An urban arena will work in Saskatoon, say U.S. expert

Mark Rosenstraub, with 30 years of experience helping cities re-energize their downtowns with new arenas, is on his way to Saskatoon to speak at TCU Place, and his message is pretty clear.

Mark Rosentraub has been researching the economics of arenas for decades

Mark Rosentraub thinks a new sports arena and convention centre somewhere in downtown Saskatoon would prove to be an economic boost to the city and would help convince more young people to stay. (Chanss Lagaden/CBC)

Saskatoon may be a decade away from shutting down its very suburban arena and building a new one in the city's downtown, but the hype is already building.

Your problem is maintaining human capital.- Mark Rosentraub  

"Sport venues have been very, very successful," said Mark Rosentraub, professor of sports management at the University of Michigan.

Rosentraub, with 30 years of experience helping cities re-energize their downtown with new arenas, is on his way to Saskatoon to speak at TCU Place, and his message is pretty clear.  

"There is no city where we have not been able to literally put something together something where the public sector gains and the private sector gains," he told CBC Radio's Saskatoon Morning.

Public, private payoff

Such a project here would involve a great deal of tax payer money, but Rosentraub believes the investment is worth it, as a downtown arena spurs new economic growth and cuts down on the infrastructure costs associated with the sort of urban sprawl that's happening in Saskatoon.   

Rosentraub points to Edmonton as a place where a new urban arena has helped generate excitment in the city's downtown. (CBC)

Rosentraub has written a handful of books on the subject along with dozens of articles, but he said this is not just an academic argument, and suggested the doubters simply need to cast their gaze to neighbouring Alberta for real-life examples of how urban arenas work.

"One can look at Edmonton, one can look at Calgary — these are cities that have really utilized an entertainment district anchored by sport venues."

Hipsters wanted 

Rosentraub's vision of a new Saskatoon includes a young, hip demographic, mixed with retired people, all living together in high-density housing, in the shadow of a new sports complex.

An artist's depiction of pedestrian streets in Calgary's East Village. Rosentraub says Calgary is an example of a city that has utilized an entertainment district anchored by sport venues. (Calgary Municipal Land Corporation)

"You don't have trouble attracting human capital, your problem is maintaining human capital and making sure you don't export that," he said.

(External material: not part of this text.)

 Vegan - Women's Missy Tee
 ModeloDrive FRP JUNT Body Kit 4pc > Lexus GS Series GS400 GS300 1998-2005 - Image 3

"We have to build a downtown that's so exciting that students who enjoyed their life at the university decide that they want to build their life in Saskatoon."

Rosentraub brings his pro-urban arena message to TCU Place at 11:30 a.m. CST on Thursday, with a sold-out talk titled "How Sport Arenas, Entertainment & Culture Can Recentralize Ecomonic Activity." It's presented by the North Saskatoon Business Association, the Greater Saskatoon Chamber of Commerce, Downtown Saskatoon and Tourism Saskatoon.